5月12日 ミシェル・ピコリ氏 享年94歳
この方も懐かしいですね。フランスを代表する名優です。ジャン・ピエール・メルヴィル監督「いぬ」、ジャン・L・ゴダール監督「軽蔑」やロジェ・ヴァディム監督「獲物の分け前」など、フランスの一流監督の作品で印象的な好演を見せていますが、中でもルイス・ブニュエル監督の後期の作品、「小間使の日記」、「昼顔」、「ブルジョワジーの秘かな愉しみ」、「自由の幻想」などに連続して出演、ブニュエル作品には欠かせない俳優となります。その後もヨーロッパ、アメリカを股にかけて数多くの映画に出演しています。中でも91年の「美しき諍い女」での名演は忘れられませんね。90年代からは監督にも進出しましたが、その後も俳優業を続けます。2011年には「 ローマ法王の休日」でローマ法王を演じました。
6月19日 イアン・ホルム氏 享年88歳
イギリス出身で、王立演劇学校で学び、ロイヤル・シェイクスピア・カンパニーに14年間所属した後、67年にはブロードウェイに進出、翌年ジョン・フランケンハイマー監督「フィクサー」で映画デビューを果たします。そしてリドリー・スコット監督の「エイリアン」(79)におけるアッシュ役で強烈な印象を残し、映画ファンにも知られるようになりました。81年には「炎のランナー」で英国アカデミーとカンヌ国際映画祭の助演賞を獲得しています。その他の代表作はテリー・ギリアム監督「バンデットQ」(81)、「未来世紀ブラジル」(85)、リュック・ベッソン監督「フィフス・エレメント」など。2001年にはピーター・ジャクソン監督「ロード・オブ・ザ・リング」でフロドの養父ビルボ・バギンズ役を演じ、以後同シリーズ3作目「王の帰還」、2012年からの同シリーズ前日譚「ホビット」2作でもビルボ・バギンズを演じました。98年にはサーの称号も授与されています。まさに名優と言えるでしょうね。
6月26日 タリン・パワーさん 享年66歳
「血と砂」、「愛情物語」等の名優、タイロン・パワーの娘さんで、本人も女優を志しますが、1977年、レイ・ハリーハウゼン特撮もの「シンドバッド虎の目大冒険」に出演したもののあまり話題にならず、その後も数本の映画に出演しますがほとんど我が国未公開。いつの間にか忘れられてしまいました。「虎の目大冒険」でちょっと注目したのですがね。惜しいです。
7月25日 ジョン・サクソン氏 享年83歳
1954年に映画デビューし、2作目の「狙われた女」(56)で主役に抜擢され、以降、二枚目から悪役まで何でもこなす演技派として活躍します。しかし段々助演作が多くなり、「シェラマドレの決闘」(66)、イーストウッド主演「シノーラ」(72)等にも出演していますが、あまり印象には残っていませんね。ところが73年の「燃えよドラゴン」でブルース・リーと共演、これで一躍名を知られるようになりました。しかしそれ以降は誰に会ってもブルース・リーのことばかり訊かれるため、ノイローゼになったそうです(笑)。以後も多くの映画に出演しますが、アクション映画の脇役ばかりで、そのうち「エルム街の悪夢」シリーズ等のホラー映画にも出演するようになります。後年の出演作に、タランティーノ原案・主演の「フロム・ダスク・ティル・ドーン」がありますが、どこに出てたのか全く覚えてません。「燃えよドラゴン」出演、果たしてサクソンにとって良かったのかどうか、何とも言えませんね。

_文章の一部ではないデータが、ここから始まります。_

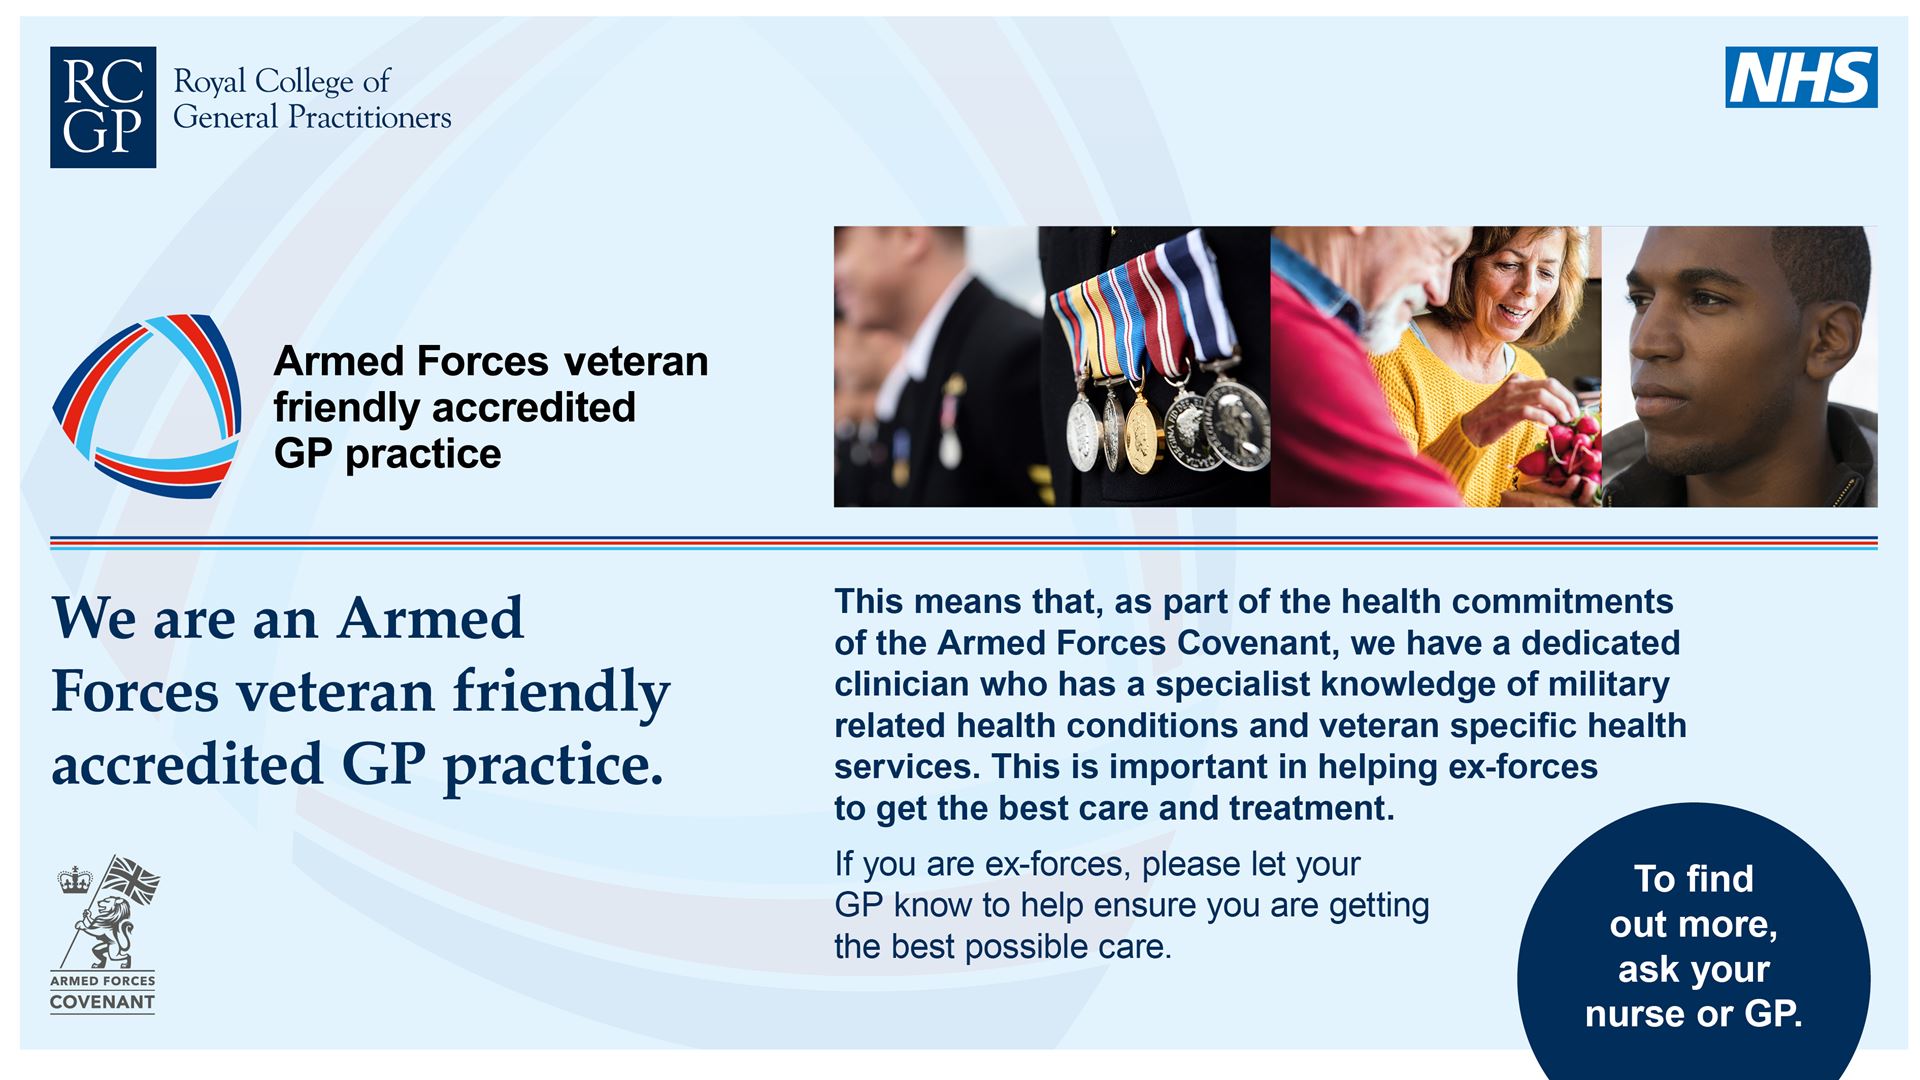 Armed forces veteran friendly information

7月26日 オリヴィア・デ・ハヴィランドさん 享年104歳
なんと、まだご存命だったとは。あの映画史上に残る名作「風と共に去りぬ」(1939)で演じたメラニー役は有名ですね。この作品でアカデミー助演女優賞にノミネートされますが受賞は逃しました。その後「遥かなる我が子」(1946)と「女相続人」(1949)で2度アカデミー主演女優賞を受賞しています。妹のジョーン・フォンテインも女優で、「ジェーン・エア」等で活躍しました。「風と共に去りぬ」公開から81年!主要なキャストの中で最後の存命者でした。
8月1日 レニ・サントーニ氏 享年81歳
アメリカ人ですが、スペイン系の血を引いています。映画デビューは1964年のシドニー・ルメット監督「質屋」。そして有名になったのが1971年のクリント・イーストウッド主演「ダーティ ハリー」でのハリーの相棒チコ・ゴンザレス刑事役。その後はシルベスター・スタローン主演の刑事ドラマ「コブラ」でも相棒のトニー・ゴンザレス役を演じてます。その後もテレビ、映画を通じて数多くの作品に出演しました。また声優としても活躍しました。なお資料によって誕生日が異なり、82歳没という説もあります。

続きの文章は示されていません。